[Python-Dev] PEP 393 Summer of Code Project

Wed Aug 24 10:17:58 CEST 2011

Le 24/08/2011 04:41, Torsten Becker a écrit :
> On Tue, Aug 23, 2011 at 18:27, Victor Stinner
> <victor.stinner at haypocalc.com> wrote:
>> I posted a patch to re-add it:
>> http://bugs.python.org/issue12819#msg142867
>> Thank you for the patch! Note that this patch adds the fast path only
> to the helper function which determines the length of the string and
> the maximum character. The decoding part is still without a fast path
> for ASCII runs.

Ah?
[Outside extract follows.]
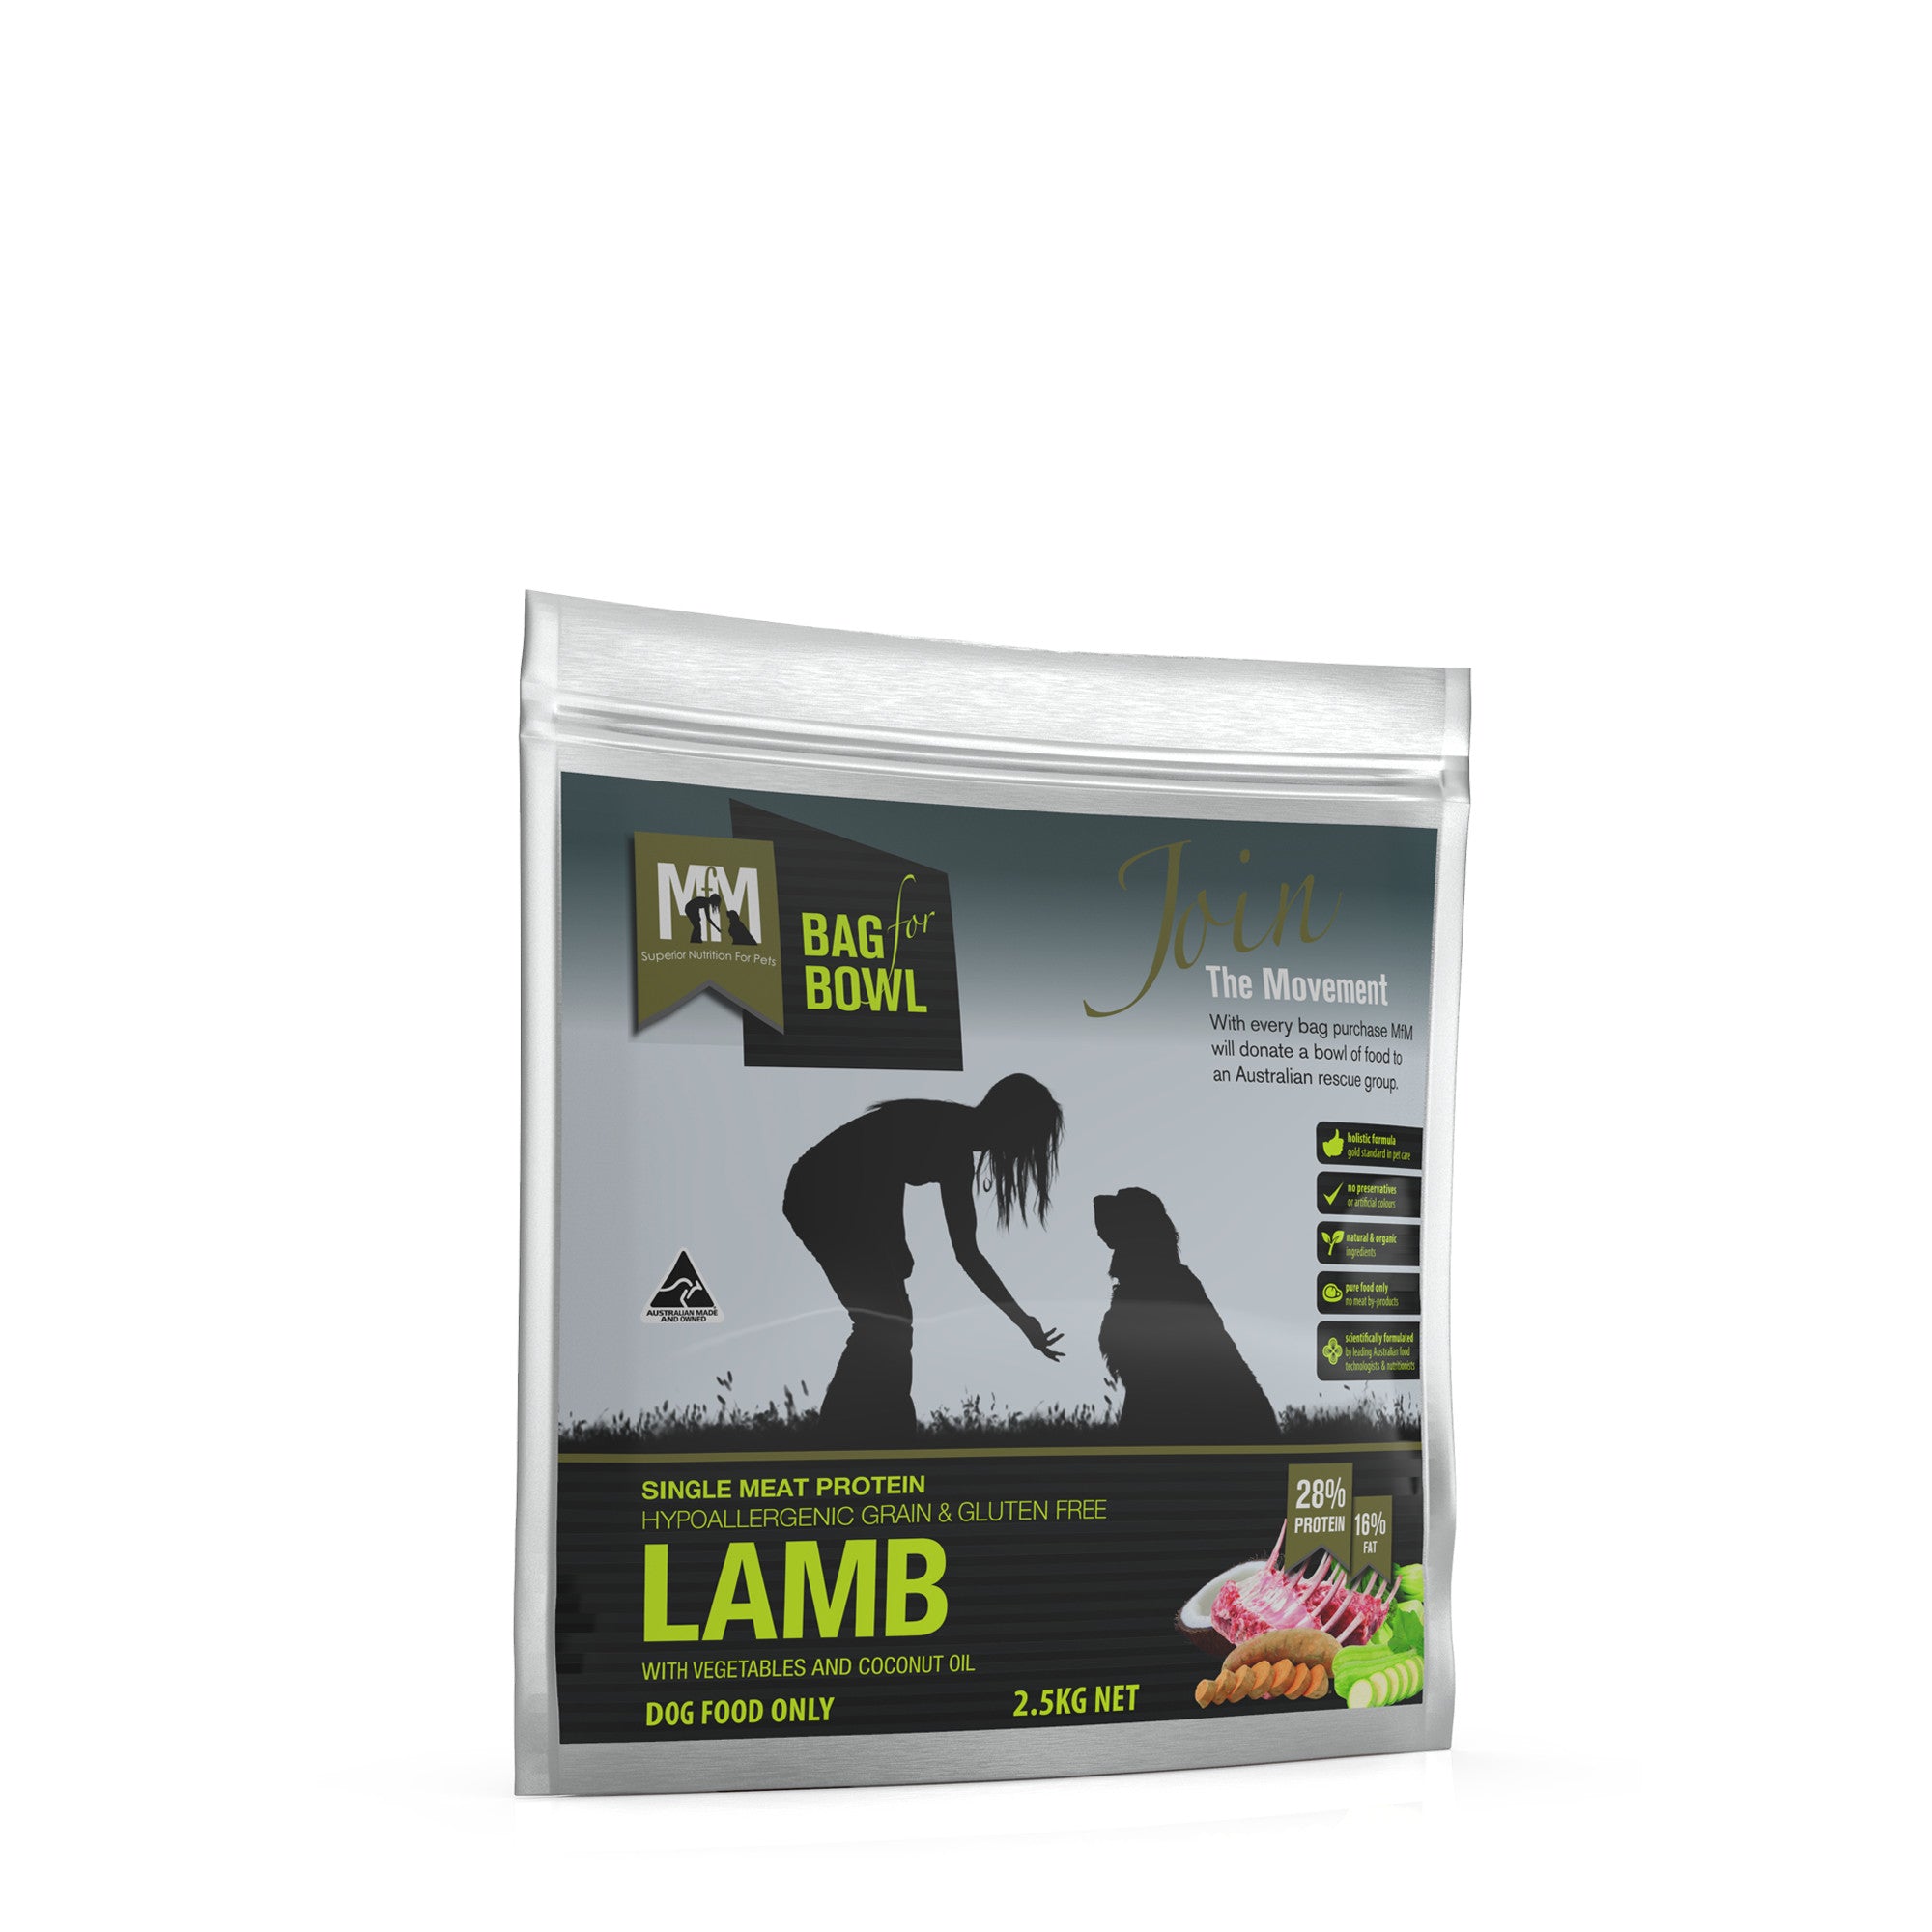 Meals for Mutts Lamb Single Meat Protein Dog Food 2.5kg.

If utf8_max_char_size_and_has_errors() returns no error hand 
maxchar=127: memcpy() is used. You mean that memcpy() is too slow? :-)
maxchar = utf8_max_char_size_and_has_errors(s, size, &unicode_size,
 &has_errors);
if (has_errors) {
 ...
}
else {
 unicode = (PyUnicodeObject *)PyUnicode_New(unicode_size, maxchar);
 if (!unicode) return NULL;
 /* When the string is ASCII only, just use memcpy and return. */
 if (maxchar < 128) {
 assert(unicode_size == size);
 Py_MEMCPY(PyUnicode_1BYTE_DATA(unicode), s, unicode_size);
 return (PyObject *)unicode;
 }
 ...
}
But yes, my patch only optimize ASCII only strings, not "mostly-ASCII" 
strings (e.g. 100 ASCII + 1 latin1 character). It can be optimized 
later. I didn't benchmark my patch.
Victor